Colorado Plains is owned by Brentwood, Tennessee-based LifePoint Health. East Morgan County Hospital is part of Banner Health, based in Phoenix.
East Morgan County, which has 25 beds, has dedicated 12 of them for coronavirus patients. As of last week, the hospital in Brush was treating six coronavirus patients and had seen 50 total people with confirmed or suspected cases of the disease since the county’s outbreak began.
“The biggest challenge the hospital faces is in staffing,” East Morgan County Hospital CEO Linda Thorpe said in a written statement. “Patients who have COVID-19 or are suspected of having it require an intense level of care.”
Outside the facility on Wednesday, a message planted in the lawn thanked health care workers.
Administrators at the nonprofit Eben Ezer Lutheran Care Center, the Morgan County nursing home where a major outbreak of the virus was reported, did not return a message seeking comment. But in a recent statement posted to their Facebook page, they offered reassurance.
“We want to make neighbors, their families, and our dedicated staff aware of this situation and reassure everyone that we are on top of it,” the post said.
Downtown Fort Morgan was quiet on Wednesday morning. Library Park in the middle of town was empty and a gazebo was roped off with caution tape. A speaker system played jolly music for no one.
People who were out and about were wearing masks and appeared to be keeping their distance from others.

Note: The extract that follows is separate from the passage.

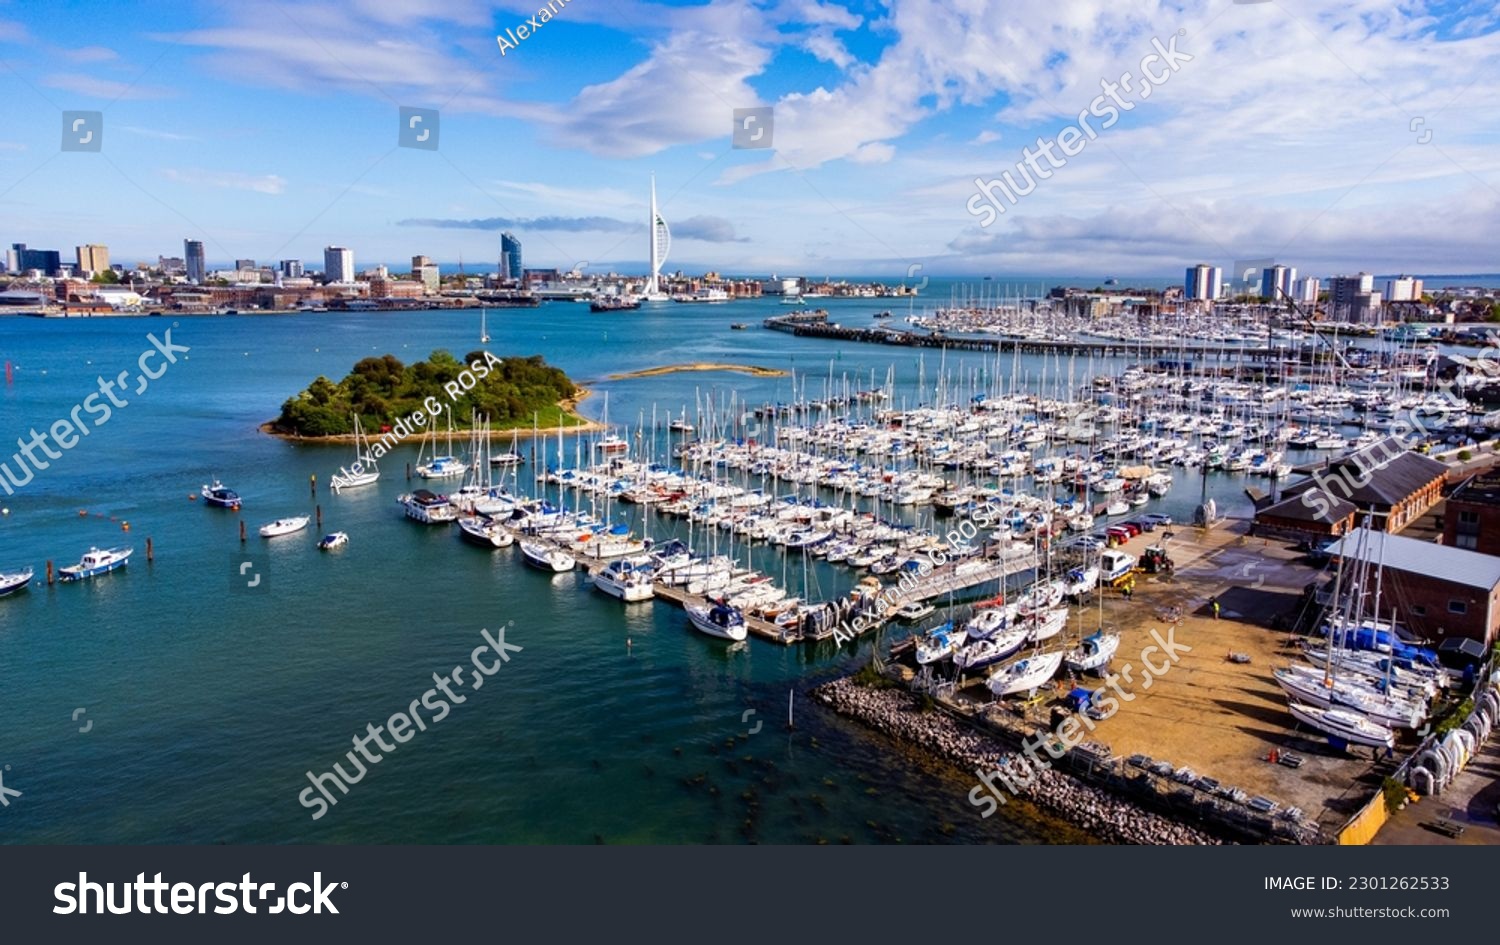 Aerial view of the Marina of Gosport behind Burrow Island in Portsmouth Harbor in the south of England on the Channel coast #2301262533

A colorful display in the storefront of Brown’s Shoe Fit Co. on Fort Morgan’s main drag offered encouragement: “IN THIS TOGETHER.”
Adam Holt, the store’s owner, said he put the message up in late March after he was forced to close because of Colorado’s statewide stay-at-home order. Brown’s reopened as restrictions on Coloradans’ movements eased in the past week. Customers have been slow to return.
“People are still a little leery,” he said. “It’s better than being locked up.”
A few miles east, a the fence at the edge of the property at Eben Ezer in Brush was decorated with a giant message posted for people driving by to read — “HEROES WORK HERE.” This weekend there’s a candlelight vigil and “honk for hope” event scheduled for outside of the care center.